We further found that a diet with a higher fish intake was associated with serum levels of PFNA, PFDA, PFUnDA, PFDoDA, and PFOS. Fish consumption has been identified as a source for human PFOS exposure in several other studies [2, 27–29]. In Sweden, Berger, Glynn [30] analyzed muscle tissue from edible fish species caught in Lake Vättern and in the Baltic Sea, PFOS intake was strongly dependent on individual fish consumption.

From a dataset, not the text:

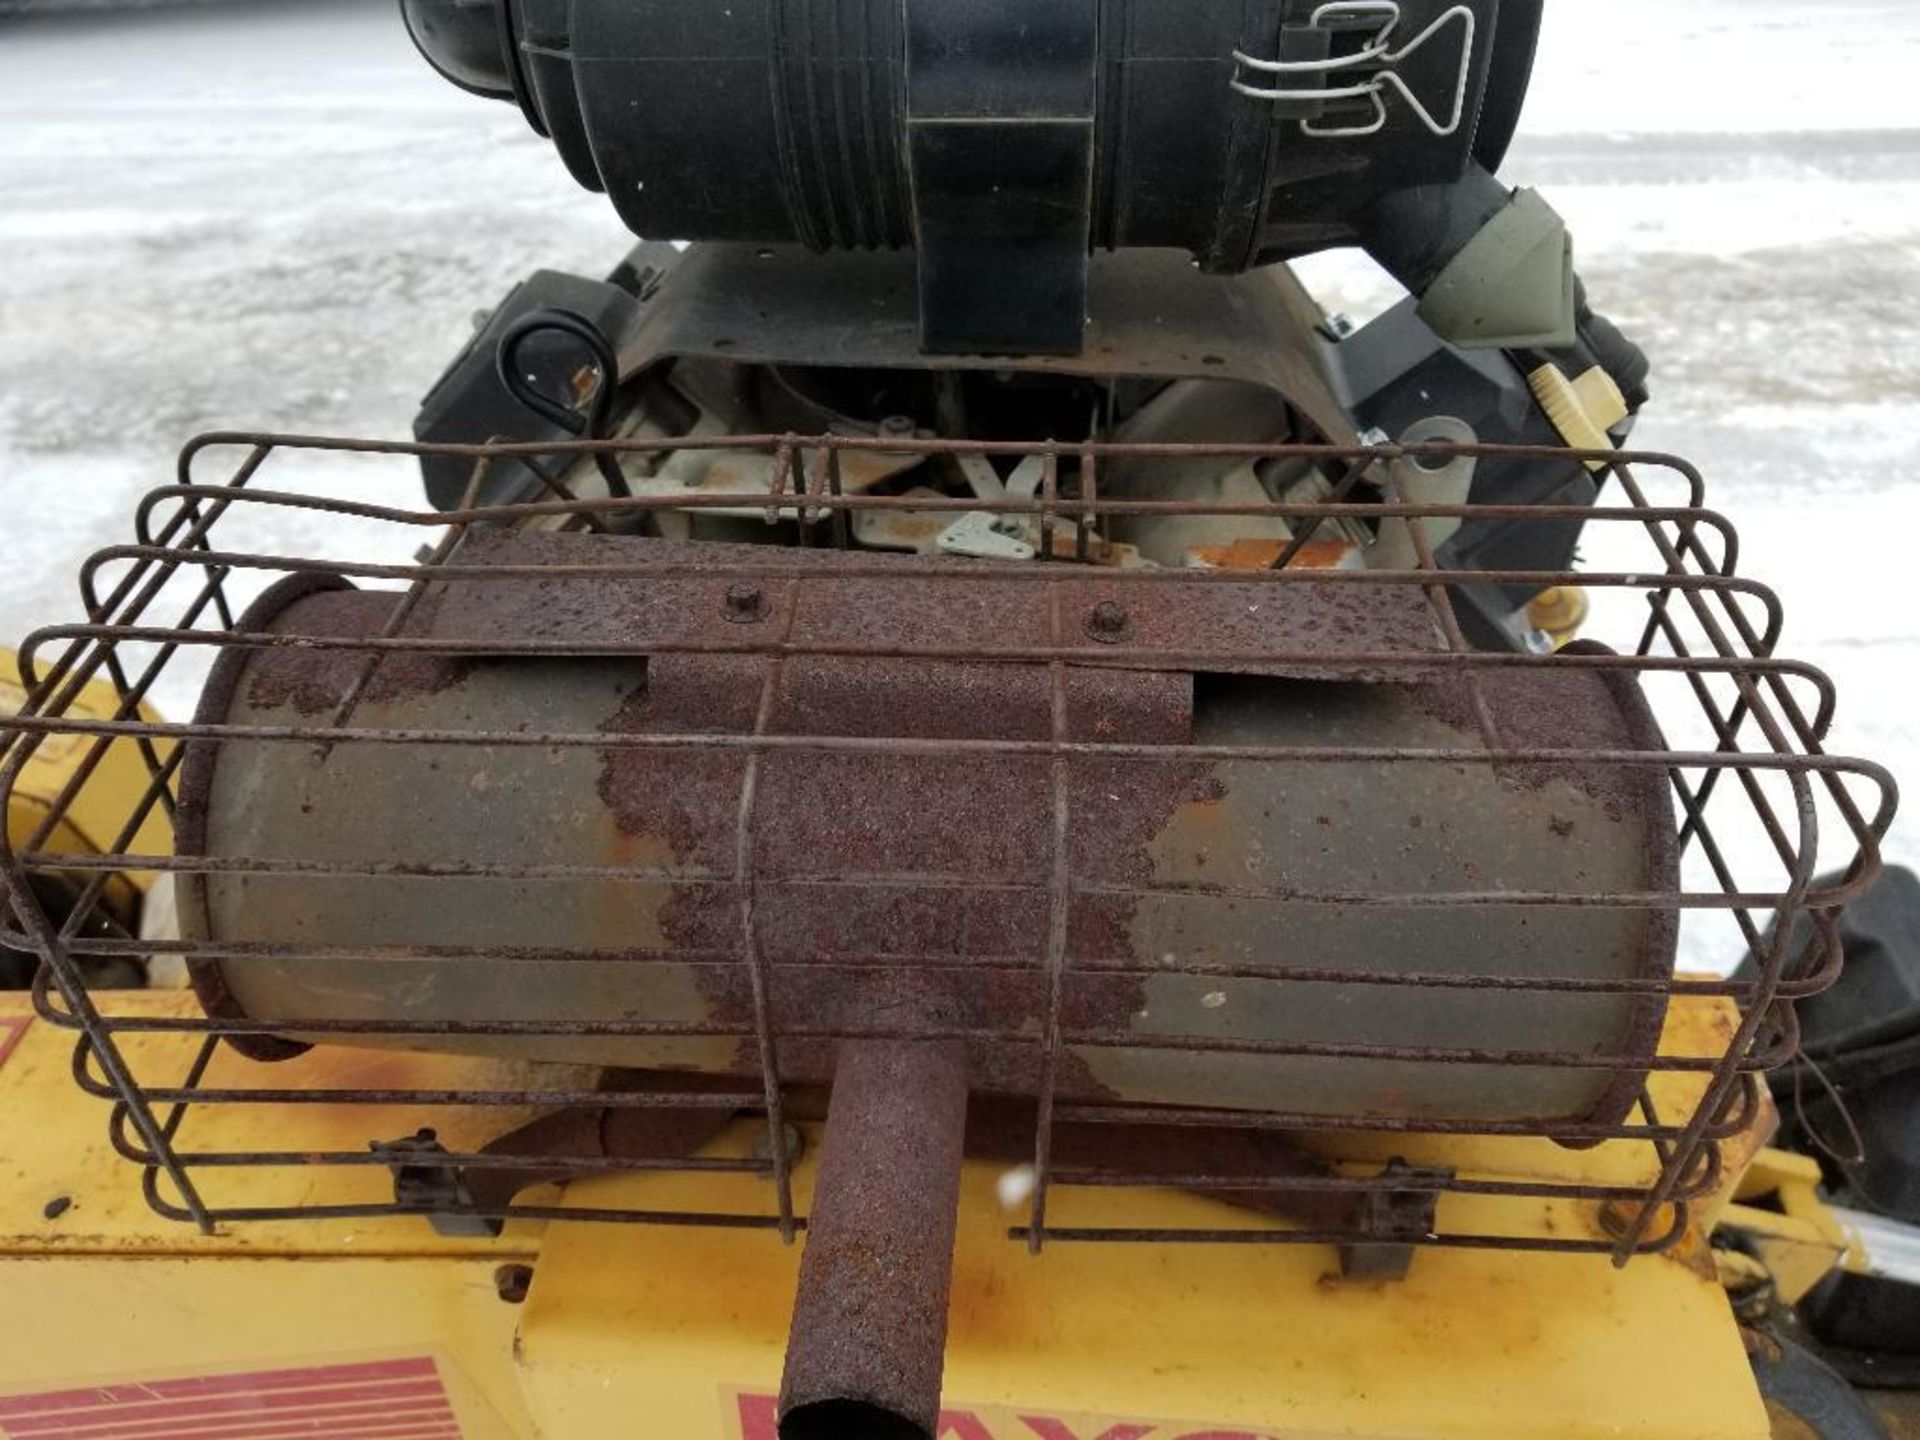 Rayco stump grinder. RG1625 super Jr. Kohler motor. 1320 hours showing on hour meter. - Image 9 of 19

In SELMA, women who smoke during pregnancy had lower PFAS (PFDA, PFUnDA, and PFDoDA) and higher PFHxS serum level in the smokers than the non-smokers. In agreement with our study, Cho, Lam [31] reported that PFHxS was higher in the Korean population of smokers. Bjerregaard-Olesen, Bach [32] indicated that Danish women who smoked during pregnancy had lower levels of all the PFAS, including PFDA, PFUnDA, and PFHxS, compared to the women who did not smoke during pregnancy. The same correlations were not found in other studies [21, 33].

Conclusions

Six out of eight examined PFAS (PFNA, PFDA, PFHxS, PFUnDA, PFOA, and PFOS) were detected in more than 99% of 1,616 pregnant women in Sweden during the period 2007 to 2010. Women who had given birth to more children had lower levels of PFAS in serum for all the eight studied compounds. PFUnDA and PFDoDA serum levels were found to be higher in older mother, but lower in women who were smokers. Finally, we could find significant associations between fish intake in the family and serum levels of PFDA, PFUnDA, PFDoDA, and PFOS.